# New wheels for Tarmac SL4



## pdainsworth (Jun 6, 2004)

Could go wheels, could go Spesh thread... I guess I will keep it here.
I just built up some Velocity A23 rims with DT Swiss 350 hubs for the Tarmac SL4. Very traditional build for the cruddy roads up here on the Olympic Peninsula. I would love some 404's or Enve's, but I just can't pull the trigger on the money. Not to mention, I am about 50 pounds over my goal weight, so why trash some nice new carbons. 

I am also demoing some new Turbo Pro 700x25c tires that our Specialilzed rep sent me. I am hoping they ride like my tubeless tires, given that they have so much air volume and similar weight to the tubeless set up. Should be fun!


----------



## IJBcape (May 27, 2011)

I think that's the smart way to go especially for training and most long rides. I have three sets of stan's alpha wheels that I use on two bikes. Same idea pretty much. I love the 25s in the winter our area is covered with debris (pine needles) that covers ridges and pot holes. The 25s tubeless with a little less air really smooths it out. 

What size is that frame by the way? I like it.


----------



## pdainsworth (Jun 6, 2004)

IJBcape said:


> I think that's the smart way to go especially for training and most long rides. I have three sets of stan's alpha wheels that I use on two bikes. Same idea pretty much. I love the 25s in the winter our area is covered with debris (pine needles) that covers ridges and pot holes. The 25s tubeless with a little less air really smooths it out.
> 
> What size is that frame by the way? I like it.

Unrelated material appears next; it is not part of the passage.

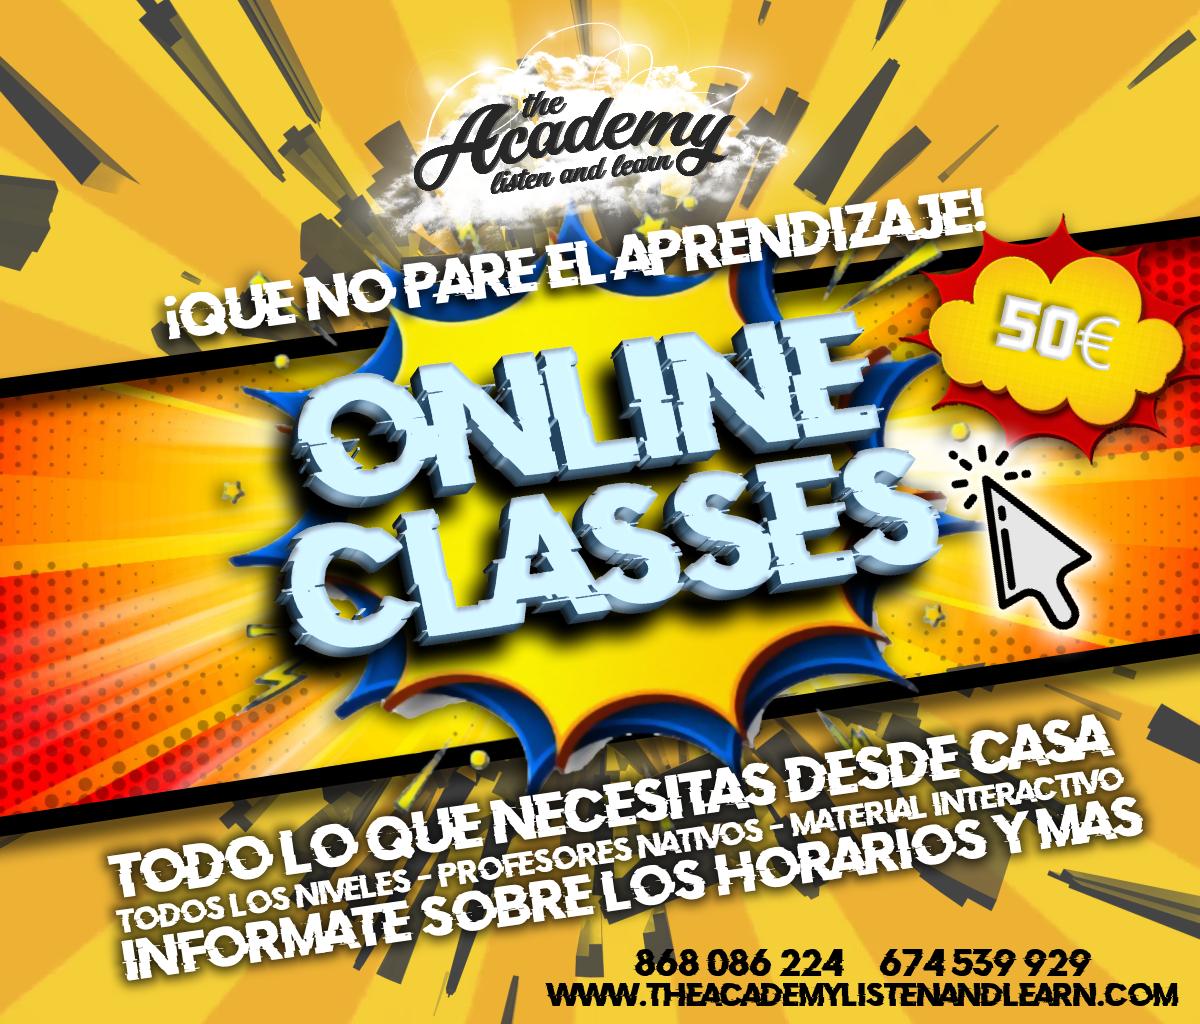 Online classes ad

Thanks. It's a 58cm. My lunch muscle (gut) gets in the way if I try to ride a 56, so the extra HT length on the 58 helps out. The 25s I'm running are actually tubes. Specialized doesn't make a 25c tubeless, yet, but I will run it if they do.
After a short ride tonight, my impressions are favorable, of the wheels and the tires. Smooth ride and the wheels seem stiff enough for my 255 pounds.


----------



## hefeweizan (Jan 28, 2009)

What is your opinion on the 25's vs the 23 tires?


----------